What are the big blocks that make up the GPT architecture?
What are the two main blocks inside a transformer-decoder block?
Describe masked self-attention in your own words (not including the vector math).
How would this help stop generated sequences from being mostly nonsensical?
How are Query, Key, and Value vectors generated from each word embedding?
How is the score for each word calculated using one word's query vector and all the other words' key vectors?
How is the score for each word and its value vector used to create the vector for a single transformed word? (In the case of the article, the word is "He").
Briefly describe multi-headed attention
Awesome job answering those synthesis questions for Transformers! Now we move onto the project (which won’t be nearly as difficult)
The project for this “Language Modeling” section will be following the tutorial/Jupyter Notebook below. Please ask questions in the discord as you work through this project. Be sure to discuss with others in your group!
A few helpful tips:
- Use GitHub, it’s really just better
- Use Anaconda with Python3 in VSCode.
- If you use Anaconda, create a separate environment so you can mess with libraries and imports all day without screwing up your base environment.

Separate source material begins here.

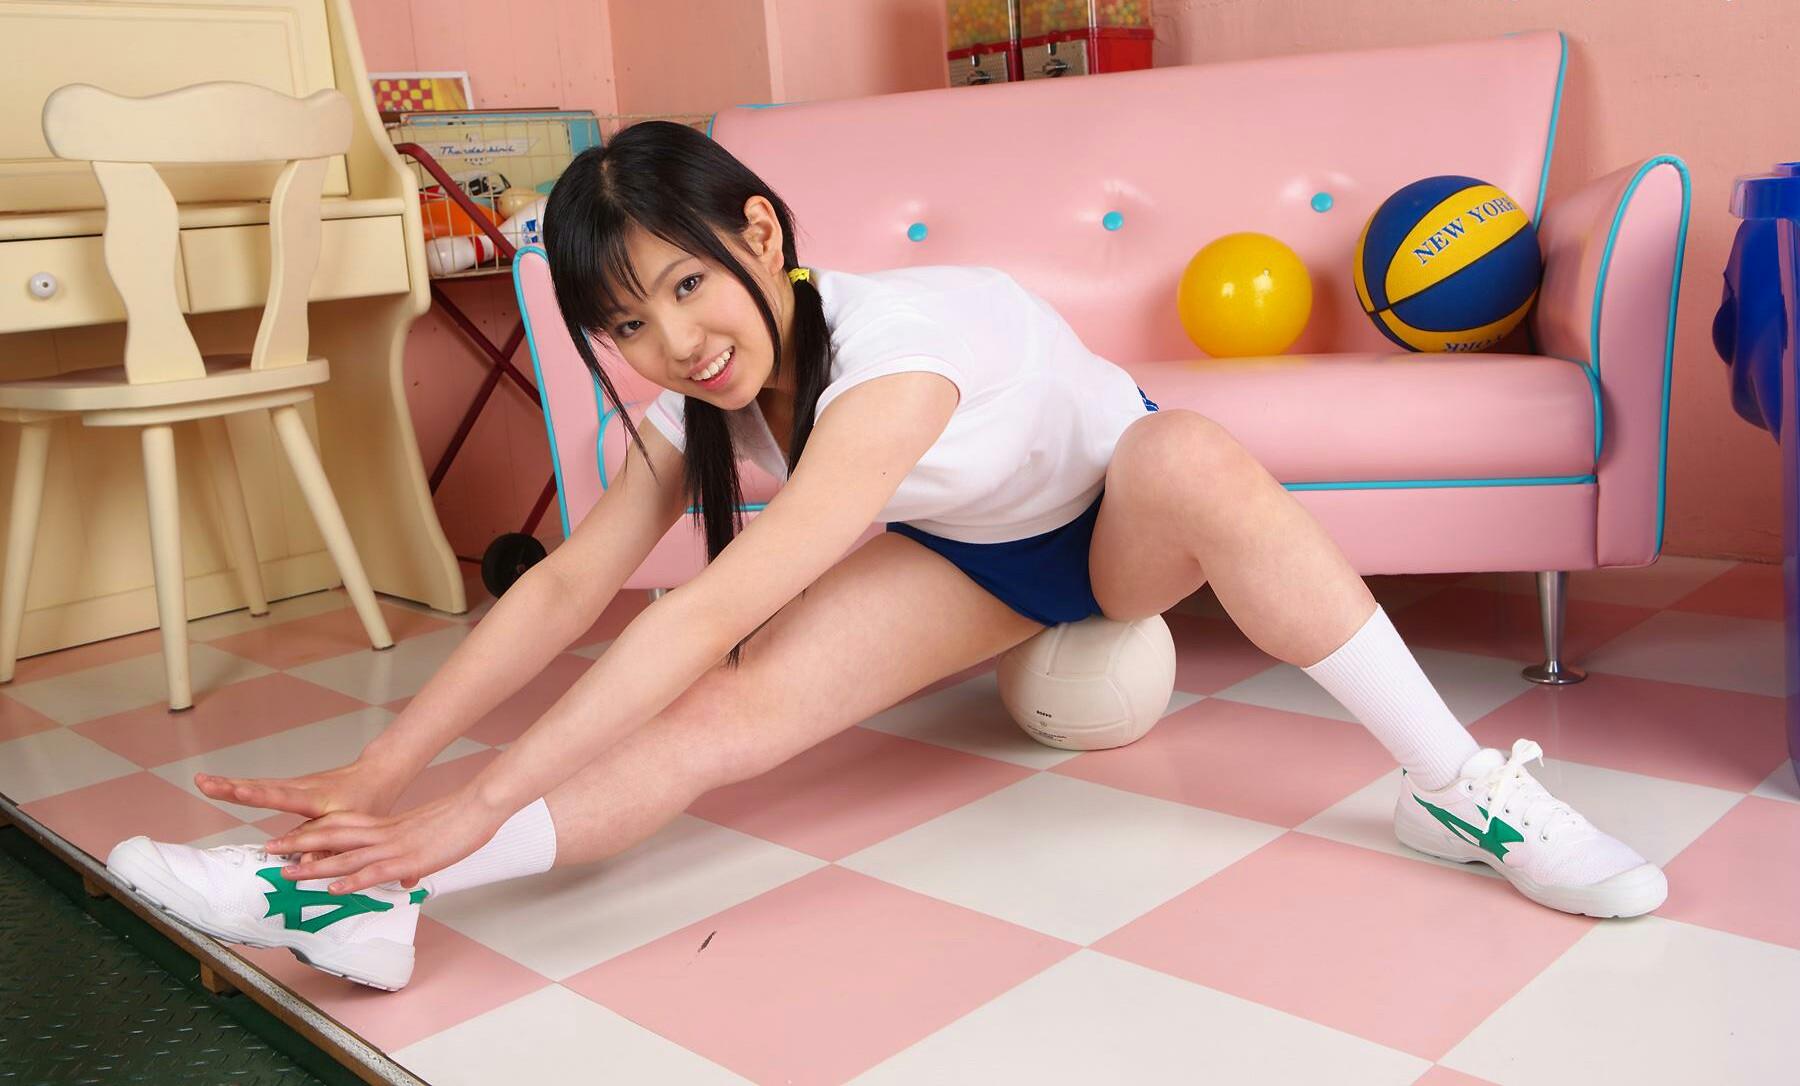 お尻 ボール 潰す 玉乗り ブルマ エロ画像【10】

- Leave comments to cement your understanding. Link syntax to ideas.
Clone the Git repo onto your local device if you have not already.
There are 2 parts (.ipynb files) to this unit. Finish both.
Now, follow the instructions on this Jupyter notebook to implement some of the things we talked about. There is an “answers” directory on the same level as this notebook that you can use if stuck. You will need to set up a Python environment to run this notebook. Ask around if you are unable to get it working!
I would recommend downloading the entire “notebooks” folder all at once. Its one folder up.
GH Link: Unit 8 Notebook Part 1 (1 hr)
Now navigate to the application portion of this project, where you are given a dataset and asked to train an LLM of your choice to emulate Shakespeare! Be sure to reference your Unit 8 Notebook Part 1 to figure out how to do this. The starter code is in lm_starter_code.ipynb
GH Link: Unit 8 Notebook Part 2 (1 hr)
When you are finished with your code, independently verify that it works and have fun with it! If you add any additional functionality be sure to talk about it with others and give them ideas.
Congratulations! You now understand the basics of Language Modeling!